In het Algemeen Overleg van 8 oktober 2009 is gevraagd om onderzoek naar de alertheid van machinisten in het algemeen en in het bijzonder naar de zogenaamde kwiteerfunctie10, die in 1995 is afgeschaft. Save heeft dit onderzocht en concludeert weinig effect te verwachten van eventuele herintroductie hiervan. Deze kwiteerfunctie verhoogde wellicht de algemene alertheid, maar veroorzaakte daardoor het «automatisch» uitvoeren van routinematige handelingen met beperkte toegevoegde waarde in het terugdringen van STS-passages. Een grotere bijdrage aan het terugdringen van STS-passages verwacht Save van een bijzonder attentiesignaal in het 40 km/u-gebied en van situatie-specifieke alertering, die de machinist specifiek en redelijk betrouwbaar en éénduidig alerteren op een specifiek gevaar.

Conclusie

Op basis van het onderzoek van Save en de reactie van de spoorsector daarop neem ik de volgende maatregelen:

  • Ik zal de spoorsector vragen nader onderzoek te doen naar de mogelijkheden om de afstanden tussen sein en gevaarpunt bij nieuwe seinsituaties te vergroten.
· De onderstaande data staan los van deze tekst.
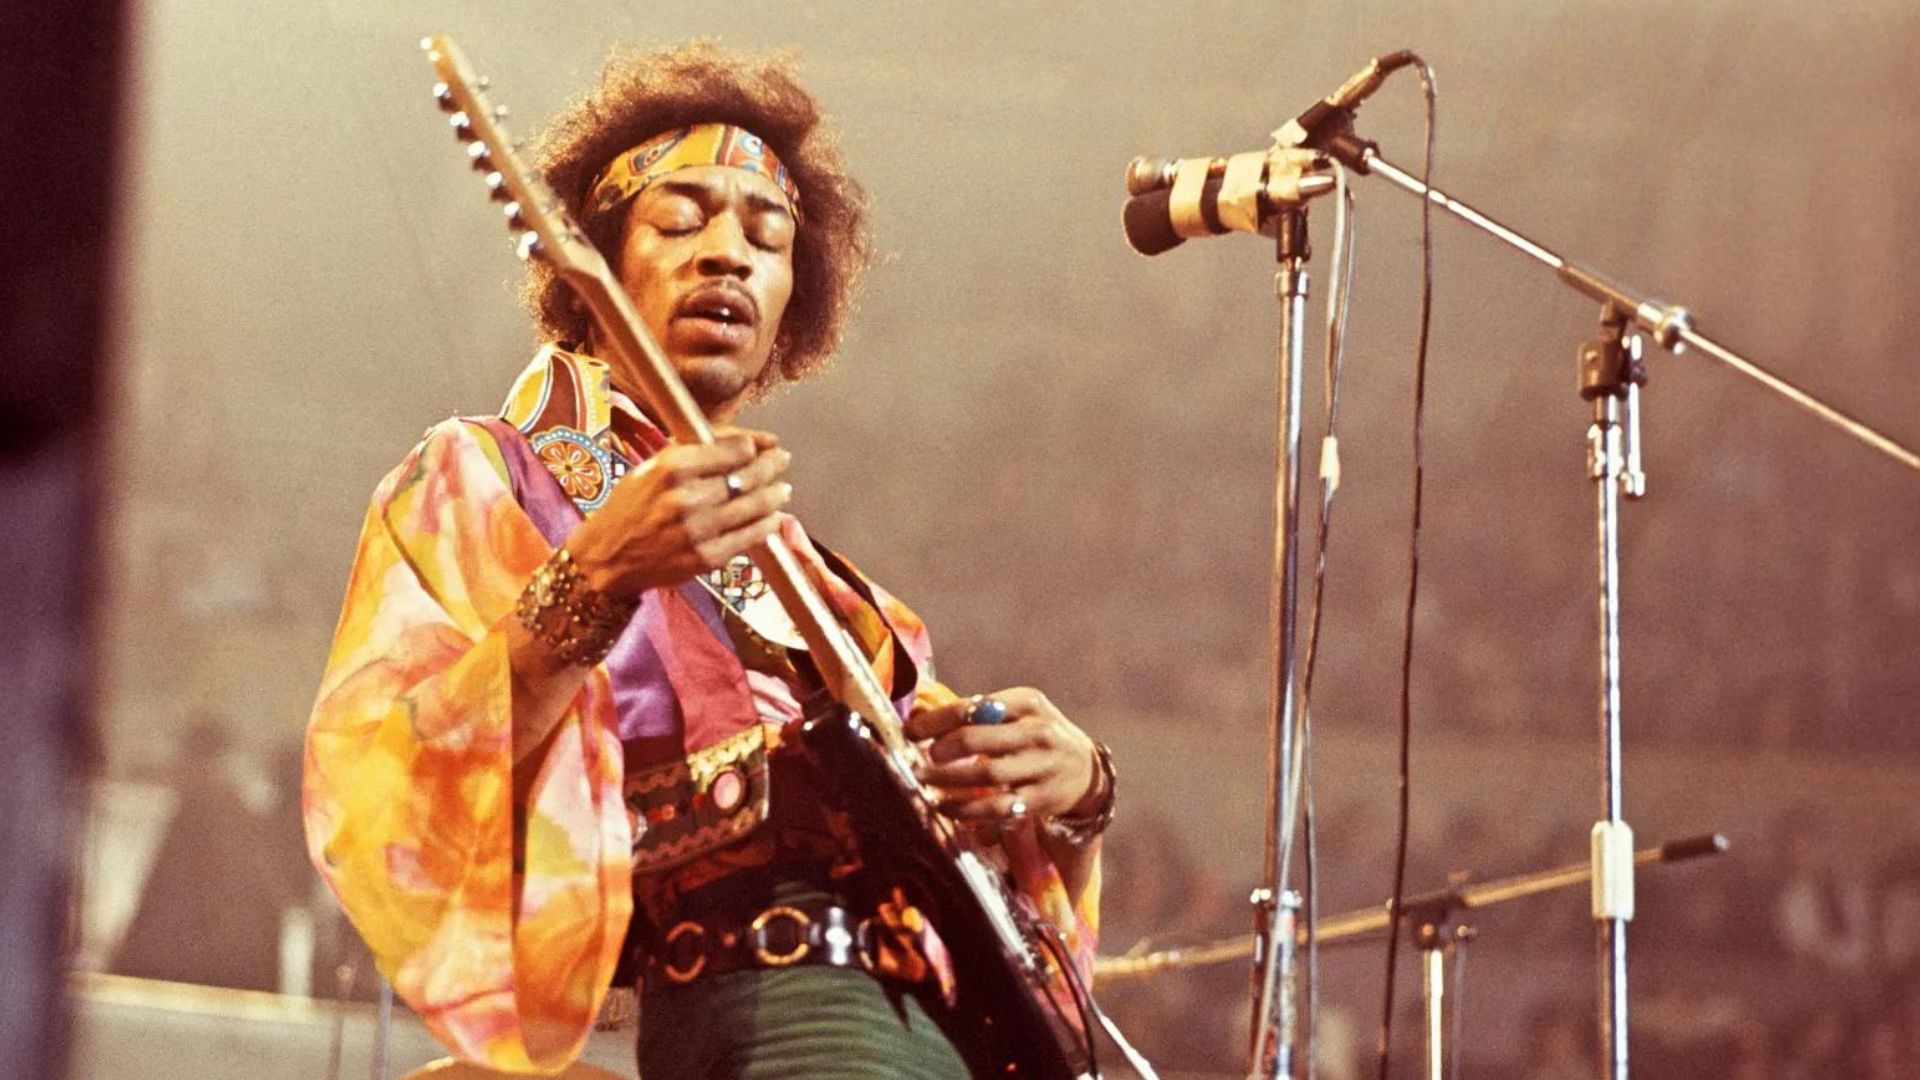  Jimi Hendrix

  • Ik zal in het kader van het Basisnet vervoer gevaarlijke stoffen ca. 350 extra seinen laten uitrusten met ATB-Vv.

  • Ik zal de effectiviteit van ATB-Vv op basis van de STS-passages die in geheel 2010 hebben plaatsgevonden evalueren en op basis daarvan in 2011 besluiten hoeveel en welke extra seinen in aanvulling daarop met ATB-Vv zullen worden uitgerust.

  • Ik zal de spoorsector vragen nader onderzoek te doen naar een eventuele verzwaring van het zogenaamde remcriterium, om aldus de effectiviteit van ATB-Vv te vergroten.

  • Ik zal de spoorsector vragen mij te informeren over de invoeringsmogelijkheden van het door Save aanbevolen bijzondere attentiesignaal in het 40 km/u-gebied en van de situatie-specifieke alertering, die de machinist specifiek en redelijk betrouwbaar en éénduidig alerteert op een specifiek gevaar.

De minister van Verkeer en Waterstaat,

C. M. P. S. Eurlings


XNoot
1

stoptonend sein passages

XNoot
2

Ter inzage gelegd bij het Centraal van de Informatiepunt Tweede Kamer der Staten-Generaal.

XNoot
3

ATB Verbeterde versie

XNoot
4

50% reductie ten opzichte van 2003

XNoot
5

75% reductie ten opzichte van 2003

XNoot
6

kamerstuk 30 373, nr. 40

XNoot
7

kamerstuk 29 984, nr. 207

XNoot
8

inclusief 350 i.k.v. «Basisnet vervoer gevaarlijke stoffen»

XNoot
9

zie bijvoorbeeld figuur 5.4 op pagina 43 van het rapport: «benodigd aantal ATB-Vv-seinen voor een risicoreductie van 75% als functie van het onderscheid hoog-/laagrisicoseinen en de kans op het bereiken van het gevaarpunt na STS-passages»

XNoot
10

De ATB-kwiteerfunctie was onderdeel van het op het grootste deel van het Nederlandse spoorwegnet toegepaste ATB Eerste Generatie-systeem (ATB-EG). Het cabinesignaal «geel» van ATB-EG geeft daarbij aan de machinist aan dat hij in een gebied rijdt met een maximale toegestane snelheid van 40 km/u, waarin hij rekening moet houden met een direct opvolgend rood sein en daarvoor de bijpassende actie moet nemen. De kwiteerfunctie diende ertoe de machinist daarop extra te attenderen.